Het model dat NOM vandaag introduceert, heet Opportunity To See Advertising (OTSA) en de gegevens die eruit voortkomen maken inzichtelijk hoeveel mensen de kans hebben om een advertentiepagina van een specifieke branche in een dagblad of publiekstijdschrift te zien.
Volgens NOM-directeur Irena Petric komt daarmee een lang gekoesterde wens uit van (BVA-)adverteerders en de in PMA verenigde mediabureaus. ‘Uitgevers doen wel individueel regelmatig onderzoek naar bereik van specifieke advertenties, maar branchebreed gebeurde dat nog nooit.’
Tien branches
Het is wel lastig om reclamebereik grootschalig en op continue basis te meten. Petric: ‘NOM meet al 170 dagbladen en tijdschriften continu en die vragenlijsten zijn al behoorlijk lang. Als we alle respondenten ook nog gaan ondervragen over alle advertenties, dan houden ze geen tijd meer over.’ Er is daarom gekozen voor een voorspellingsmodel. Op basis van een apart onderzoek – uitgevoerd door GfK – waarin reclamebereik feitelijk is gemeten, is een model gemaakt waarmee het zien van advertentiepagina’s in alle dagbladen en tijdschriften kan worden voorspeld. Dit model is gebouwd door ABF Research.
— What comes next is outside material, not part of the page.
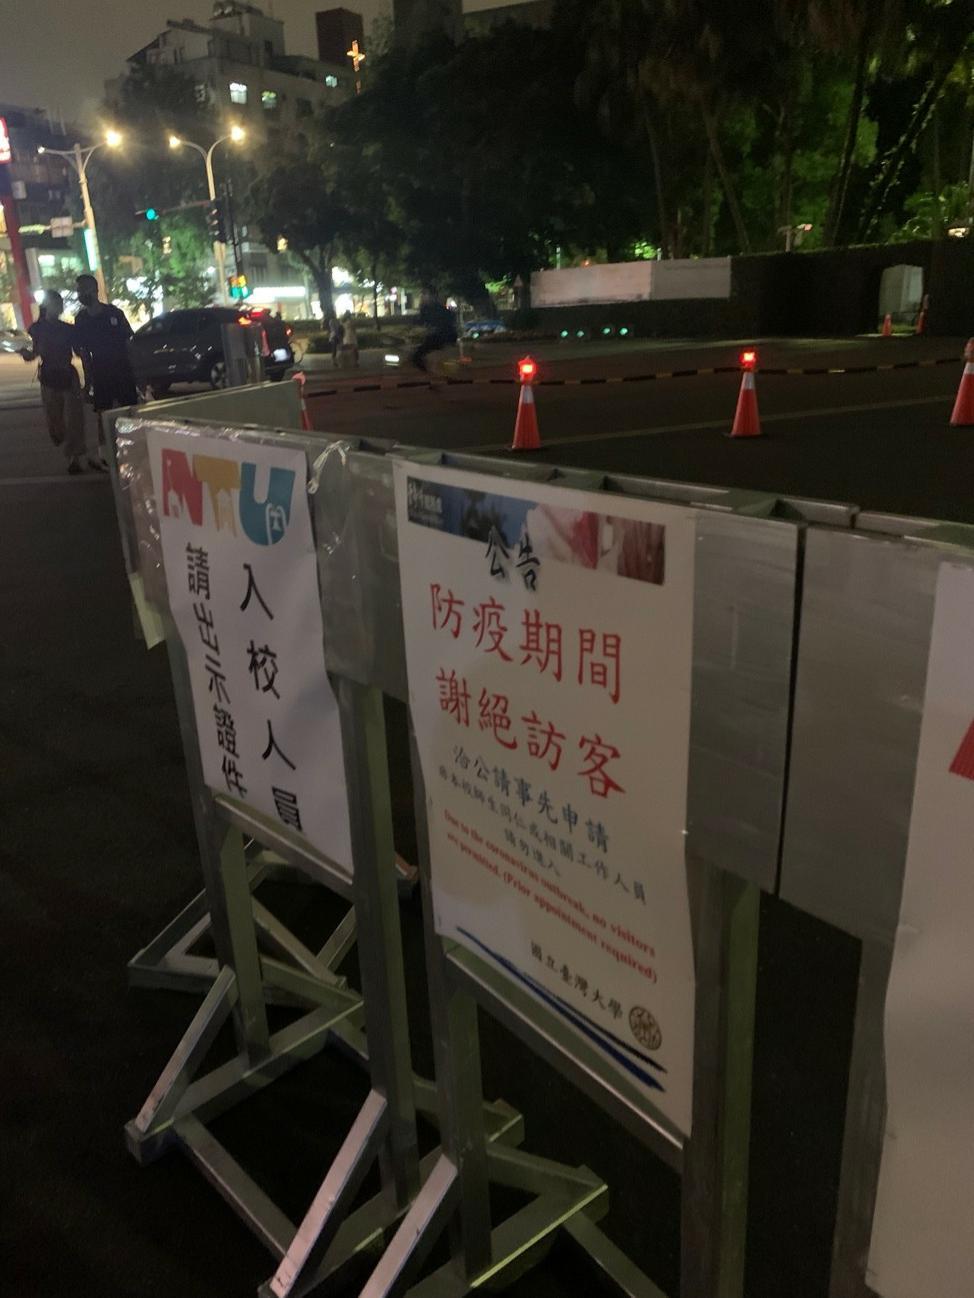 台湾防疫警戒已?升至三级:多所高校实?施封闭,超市货架被抢购一空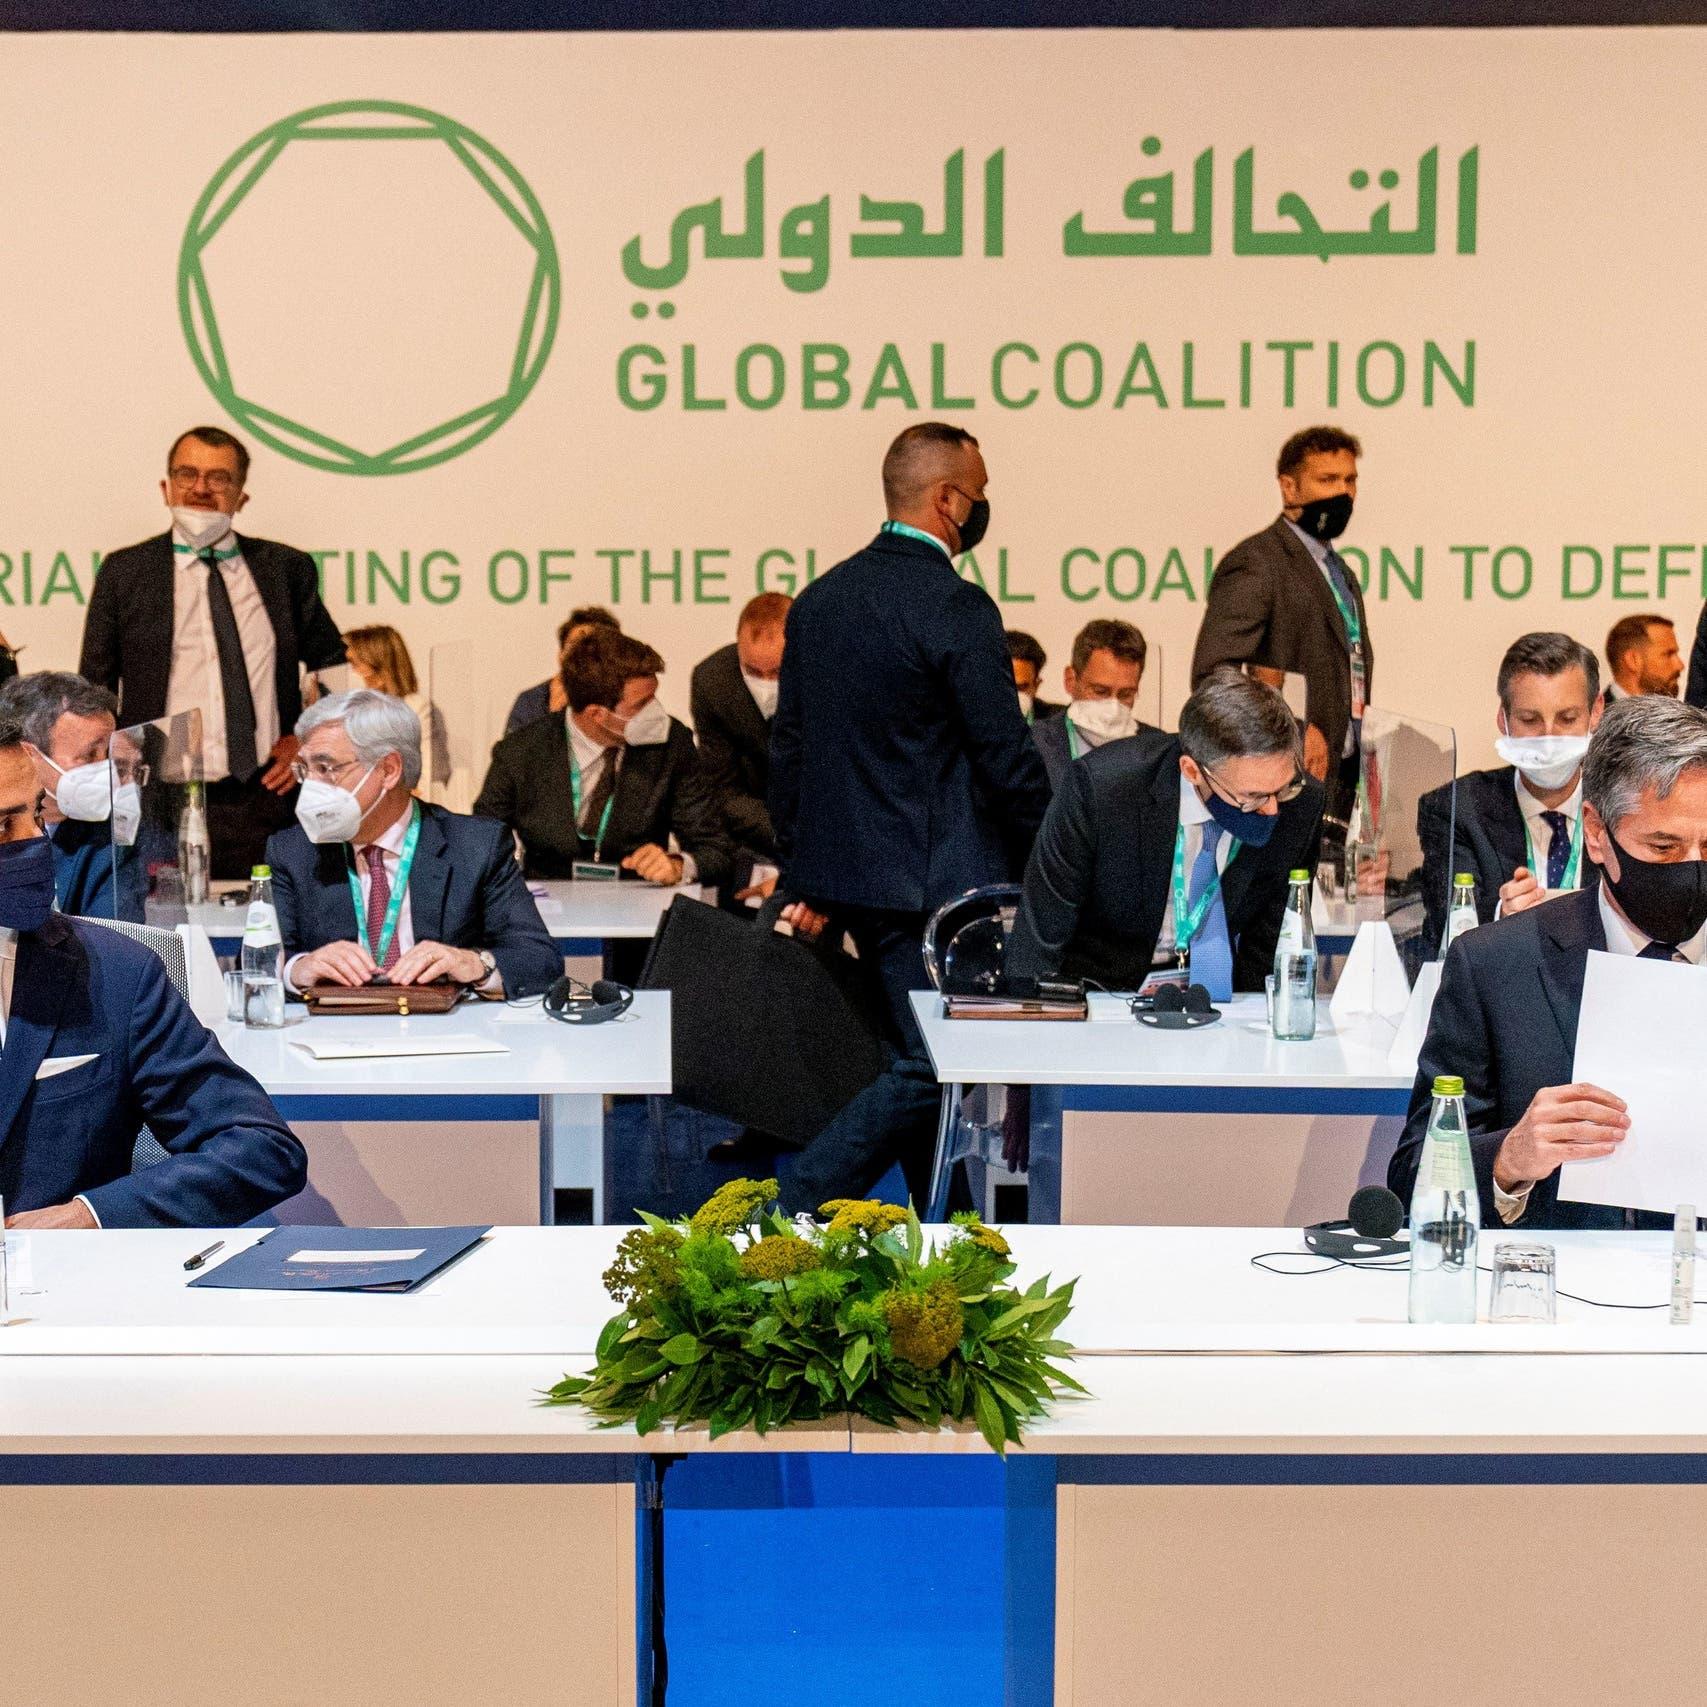 بيان دولي يدعو لوقف إطلاق النار في سوريا ودخول المساعدات

‘Het bereik van de pagina waarop de advertentie staat, noemen we reclamebereik. Daarnaast worden zaken die invloed hebben ook gemeten. Vrouwen zien bijvoorbeeld meer advertenties voor mode en mannen voor auto’s. Dat telt mee. Daarnaast is ook belangrijk waar een advertentie staat. Bijvoorbeeld op de achterpagina of cover twee. Verder tellen ook het formaat en de kleur van de advertentie mee en de branche. In het model zijn tien branches opgenomen waarvoor de voorspelling van reclamebereik kan worden gedaan: persoonlijke verzorging, mode, horeca/toerisme, transport, voeding/genotsmiddelen, telecom/ICT, retail, huis en tuin, financiële dienstverlening en consumentenelektronica. Omdat we per titel publiceren, krijg je dus per titel tien getallen.’
Leesintensiteit
De grootste voorspeller blijkt de leesintensiteit te zijn, zegt Petric. ‘Hoe meer men leest, hoe groter de kans dat de lezer ook een advertentiepagina bekijkt. Op zich logisch, want als je het hele blad of de hele krant doorleest, dan kom je de advertenties vanzelf tegen.’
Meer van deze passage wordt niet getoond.